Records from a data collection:
◇ ◇ ◇ ◇ ◇ ◇ ◇

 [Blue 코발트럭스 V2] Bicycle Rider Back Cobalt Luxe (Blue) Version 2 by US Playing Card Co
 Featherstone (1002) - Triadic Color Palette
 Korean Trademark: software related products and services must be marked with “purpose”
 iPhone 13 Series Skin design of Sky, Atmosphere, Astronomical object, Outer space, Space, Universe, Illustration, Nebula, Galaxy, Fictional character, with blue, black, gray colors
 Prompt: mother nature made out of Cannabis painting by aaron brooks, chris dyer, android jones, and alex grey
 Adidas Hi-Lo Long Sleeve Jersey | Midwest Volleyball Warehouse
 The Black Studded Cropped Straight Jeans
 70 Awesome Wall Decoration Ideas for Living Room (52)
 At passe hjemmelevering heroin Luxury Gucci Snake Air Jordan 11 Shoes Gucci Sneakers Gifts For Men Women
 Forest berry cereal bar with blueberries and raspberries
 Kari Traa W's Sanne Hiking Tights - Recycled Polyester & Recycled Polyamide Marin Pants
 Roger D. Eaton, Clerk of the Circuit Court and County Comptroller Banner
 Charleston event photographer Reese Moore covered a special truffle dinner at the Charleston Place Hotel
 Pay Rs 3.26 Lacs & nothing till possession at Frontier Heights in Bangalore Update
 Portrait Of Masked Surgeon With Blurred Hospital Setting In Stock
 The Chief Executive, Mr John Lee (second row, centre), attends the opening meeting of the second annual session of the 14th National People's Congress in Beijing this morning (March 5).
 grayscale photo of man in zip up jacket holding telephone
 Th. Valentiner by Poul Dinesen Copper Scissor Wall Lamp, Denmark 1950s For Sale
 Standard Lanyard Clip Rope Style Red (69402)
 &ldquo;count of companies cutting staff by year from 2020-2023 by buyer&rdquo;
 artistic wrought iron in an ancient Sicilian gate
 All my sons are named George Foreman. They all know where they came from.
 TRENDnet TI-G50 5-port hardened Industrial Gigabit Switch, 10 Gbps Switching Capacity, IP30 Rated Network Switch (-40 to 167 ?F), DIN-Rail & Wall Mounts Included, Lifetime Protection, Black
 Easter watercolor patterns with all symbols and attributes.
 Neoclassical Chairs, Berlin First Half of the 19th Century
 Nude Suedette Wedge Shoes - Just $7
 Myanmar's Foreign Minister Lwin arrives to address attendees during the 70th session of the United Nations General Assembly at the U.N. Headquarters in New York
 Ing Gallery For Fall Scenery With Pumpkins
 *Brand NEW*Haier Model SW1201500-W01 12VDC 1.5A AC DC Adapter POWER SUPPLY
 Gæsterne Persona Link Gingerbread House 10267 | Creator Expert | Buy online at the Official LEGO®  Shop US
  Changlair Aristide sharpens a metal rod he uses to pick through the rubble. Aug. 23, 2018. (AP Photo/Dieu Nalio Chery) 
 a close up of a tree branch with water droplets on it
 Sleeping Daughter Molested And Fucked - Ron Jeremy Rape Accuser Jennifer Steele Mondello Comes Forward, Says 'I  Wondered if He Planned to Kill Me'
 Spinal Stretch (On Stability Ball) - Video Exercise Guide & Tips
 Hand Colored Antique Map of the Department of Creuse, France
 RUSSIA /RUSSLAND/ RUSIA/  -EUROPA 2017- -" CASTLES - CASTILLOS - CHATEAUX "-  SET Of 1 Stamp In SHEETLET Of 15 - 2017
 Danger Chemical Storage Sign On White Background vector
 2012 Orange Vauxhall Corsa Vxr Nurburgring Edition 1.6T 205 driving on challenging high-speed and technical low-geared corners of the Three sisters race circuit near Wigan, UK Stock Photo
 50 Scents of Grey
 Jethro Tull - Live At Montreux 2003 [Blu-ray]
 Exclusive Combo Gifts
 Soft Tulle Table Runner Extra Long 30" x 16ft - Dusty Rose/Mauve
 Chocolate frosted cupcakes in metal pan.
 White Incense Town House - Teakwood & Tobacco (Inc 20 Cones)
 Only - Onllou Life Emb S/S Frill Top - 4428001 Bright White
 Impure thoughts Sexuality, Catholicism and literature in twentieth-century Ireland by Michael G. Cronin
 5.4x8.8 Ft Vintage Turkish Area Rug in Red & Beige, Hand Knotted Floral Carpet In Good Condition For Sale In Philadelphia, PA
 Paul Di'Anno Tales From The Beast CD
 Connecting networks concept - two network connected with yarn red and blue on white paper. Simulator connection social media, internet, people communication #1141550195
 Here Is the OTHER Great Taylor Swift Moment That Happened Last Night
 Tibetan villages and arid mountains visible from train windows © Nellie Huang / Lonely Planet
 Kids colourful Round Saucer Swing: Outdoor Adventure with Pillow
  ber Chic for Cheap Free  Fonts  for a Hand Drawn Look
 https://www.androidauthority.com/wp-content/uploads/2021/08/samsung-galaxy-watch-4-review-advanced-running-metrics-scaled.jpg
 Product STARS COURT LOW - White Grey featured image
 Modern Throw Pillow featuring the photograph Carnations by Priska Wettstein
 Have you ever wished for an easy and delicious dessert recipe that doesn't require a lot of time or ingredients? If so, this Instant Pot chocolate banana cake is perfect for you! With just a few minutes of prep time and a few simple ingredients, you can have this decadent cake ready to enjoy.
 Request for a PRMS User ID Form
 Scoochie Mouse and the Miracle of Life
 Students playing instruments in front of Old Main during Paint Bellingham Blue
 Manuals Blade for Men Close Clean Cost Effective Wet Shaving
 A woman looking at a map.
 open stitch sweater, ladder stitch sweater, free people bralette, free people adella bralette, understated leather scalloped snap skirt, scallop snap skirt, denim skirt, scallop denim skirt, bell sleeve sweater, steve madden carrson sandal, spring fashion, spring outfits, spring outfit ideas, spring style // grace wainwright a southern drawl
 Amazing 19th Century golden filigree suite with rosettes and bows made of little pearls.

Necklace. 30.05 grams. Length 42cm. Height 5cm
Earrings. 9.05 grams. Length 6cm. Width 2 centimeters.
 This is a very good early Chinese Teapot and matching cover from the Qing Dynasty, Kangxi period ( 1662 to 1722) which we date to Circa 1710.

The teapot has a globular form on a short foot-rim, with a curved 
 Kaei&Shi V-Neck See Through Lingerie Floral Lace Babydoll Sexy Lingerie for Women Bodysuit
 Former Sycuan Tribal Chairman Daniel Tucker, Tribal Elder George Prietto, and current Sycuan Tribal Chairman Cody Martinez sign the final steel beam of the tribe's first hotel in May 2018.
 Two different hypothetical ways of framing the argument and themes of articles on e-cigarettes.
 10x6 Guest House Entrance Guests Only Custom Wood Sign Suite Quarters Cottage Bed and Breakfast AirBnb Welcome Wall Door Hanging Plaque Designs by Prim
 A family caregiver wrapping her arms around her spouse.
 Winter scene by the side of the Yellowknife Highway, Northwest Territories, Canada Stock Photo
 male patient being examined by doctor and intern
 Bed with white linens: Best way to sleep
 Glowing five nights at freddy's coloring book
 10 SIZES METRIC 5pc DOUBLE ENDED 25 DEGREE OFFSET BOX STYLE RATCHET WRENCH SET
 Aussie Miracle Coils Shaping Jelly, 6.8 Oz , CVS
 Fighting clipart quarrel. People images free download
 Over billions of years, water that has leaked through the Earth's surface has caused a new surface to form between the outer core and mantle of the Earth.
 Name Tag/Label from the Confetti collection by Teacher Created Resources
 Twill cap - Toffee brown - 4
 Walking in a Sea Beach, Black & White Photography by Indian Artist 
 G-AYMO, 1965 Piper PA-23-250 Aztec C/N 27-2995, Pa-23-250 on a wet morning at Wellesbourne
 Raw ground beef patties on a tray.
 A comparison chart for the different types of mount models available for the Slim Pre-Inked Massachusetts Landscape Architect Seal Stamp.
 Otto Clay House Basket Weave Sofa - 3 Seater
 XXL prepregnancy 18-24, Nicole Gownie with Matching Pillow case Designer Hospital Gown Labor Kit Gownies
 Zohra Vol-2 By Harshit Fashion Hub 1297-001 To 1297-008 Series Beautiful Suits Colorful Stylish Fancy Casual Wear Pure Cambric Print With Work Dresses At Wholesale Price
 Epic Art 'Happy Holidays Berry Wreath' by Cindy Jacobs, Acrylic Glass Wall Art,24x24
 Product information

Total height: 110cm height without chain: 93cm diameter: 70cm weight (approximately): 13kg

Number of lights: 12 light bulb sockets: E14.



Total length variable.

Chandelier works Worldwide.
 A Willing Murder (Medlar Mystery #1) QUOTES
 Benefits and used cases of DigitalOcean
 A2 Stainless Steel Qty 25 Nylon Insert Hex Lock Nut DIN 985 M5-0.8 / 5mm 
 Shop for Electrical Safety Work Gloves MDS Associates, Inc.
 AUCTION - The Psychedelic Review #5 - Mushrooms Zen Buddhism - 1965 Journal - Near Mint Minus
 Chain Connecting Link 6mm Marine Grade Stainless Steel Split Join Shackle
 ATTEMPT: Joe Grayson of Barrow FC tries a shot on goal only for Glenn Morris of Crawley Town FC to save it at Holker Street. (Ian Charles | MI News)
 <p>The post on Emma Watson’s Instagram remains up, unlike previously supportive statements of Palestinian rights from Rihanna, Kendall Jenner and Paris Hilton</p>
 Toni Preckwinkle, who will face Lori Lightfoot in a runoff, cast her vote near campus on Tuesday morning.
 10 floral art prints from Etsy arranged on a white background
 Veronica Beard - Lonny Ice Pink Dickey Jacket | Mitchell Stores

◇ ◇ ◇ ◇ ◇ ◇ ◇

- [Work to complete] When the line with "Myanmar's Foreign Minister" is reached in the data above, start copying there, and copy each line exactly until the line with "Adapter POWER SUPPLY" has been copied; copy nothing else.

- [Answer]
 Myanmar's Foreign Minister Lwin arrives to address attendees during the 70th session of the United Nations General Assembly at the U.N. Headquarters in New York
 Ing Gallery For Fall Scenery With Pumpkins
 *Brand NEW*Haier Model SW1201500-W01 12VDC 1.5A AC DC Adapter POWER SUPPLY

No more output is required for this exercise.